━━ DATA FOR THIS TASK ━━

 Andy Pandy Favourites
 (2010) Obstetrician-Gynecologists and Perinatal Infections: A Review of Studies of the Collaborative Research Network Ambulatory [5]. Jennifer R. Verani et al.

━━━
━━ DATA FOR THIS TASK ━━

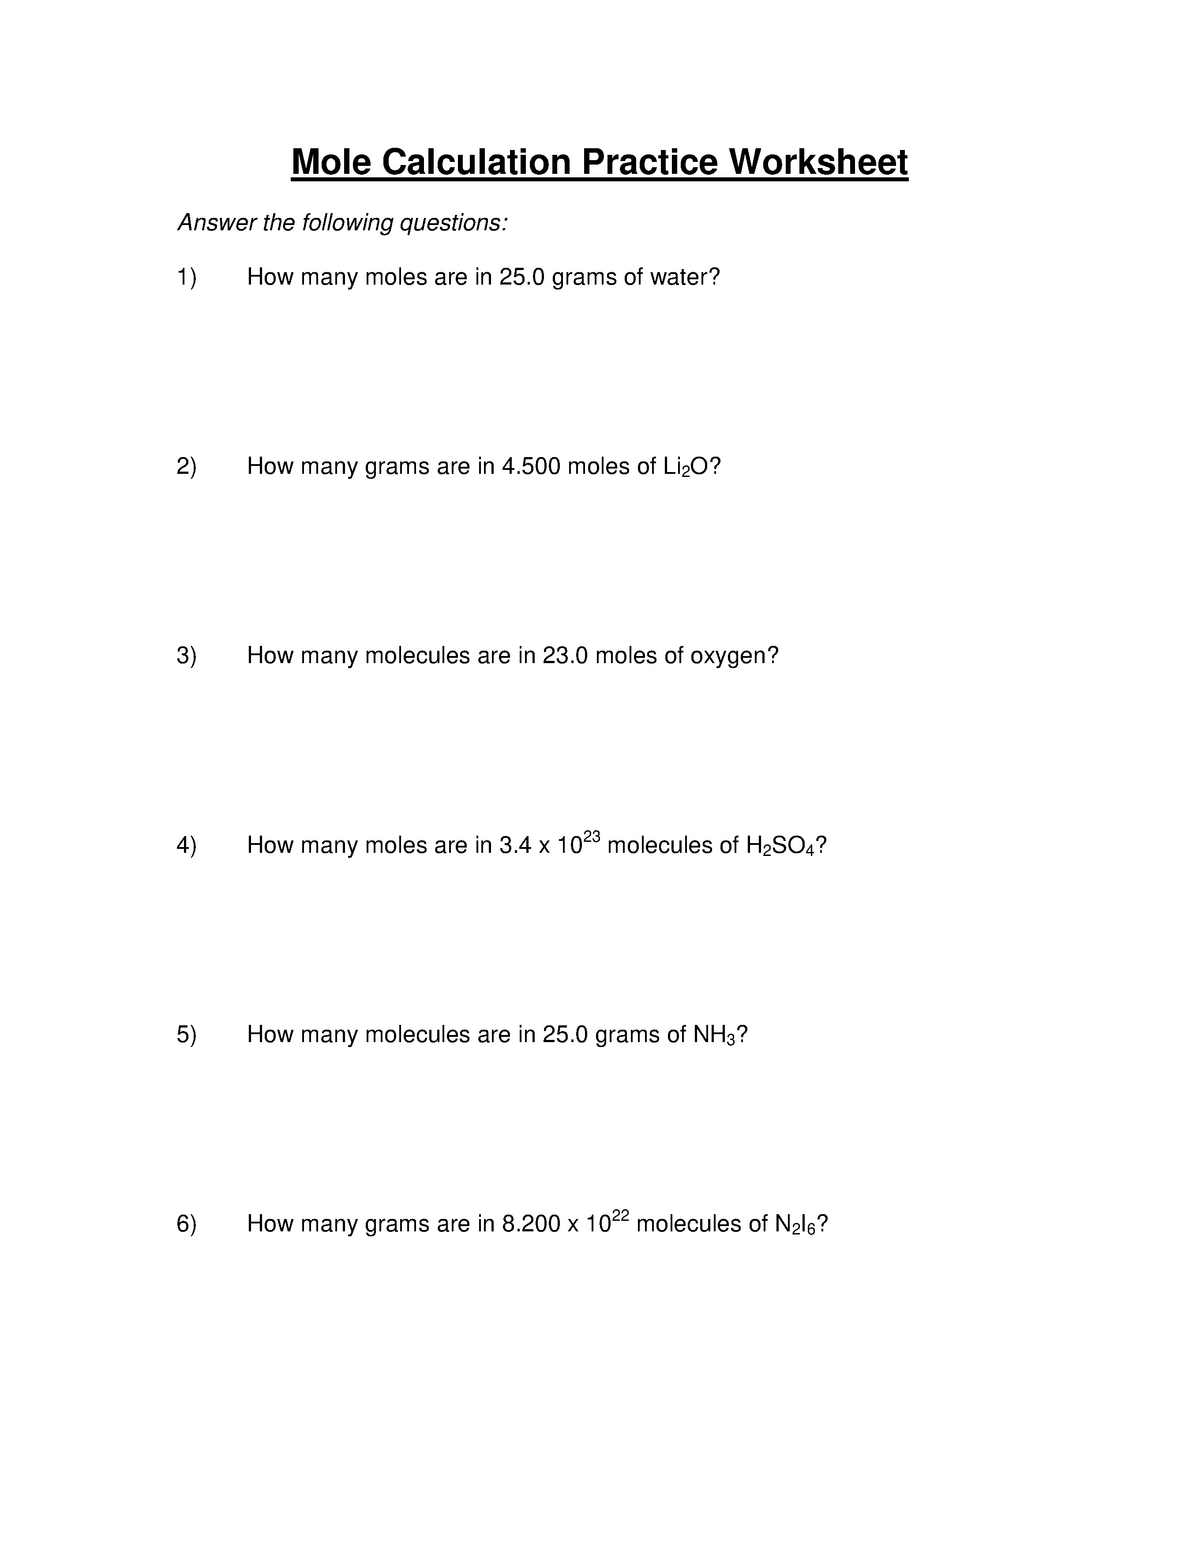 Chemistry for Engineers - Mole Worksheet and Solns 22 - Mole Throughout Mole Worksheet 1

━━━

◆ THE TASK ◆
Return, unchanged, the run of lines above that opens with the line containing "Andy Pandy Favourites" and closes with the line containing "(2010) Obstetrician-Gynecologists and". Include both.

◆ SOLVED EXERCISE ◆
 Andy Pandy Favourites
 (2010) Obstetrician-Gynecologists and Perinatal Infections: A Review of Studies of the Collaborative Research Network Ambulatory [5]. Jennifer R. Verani et al.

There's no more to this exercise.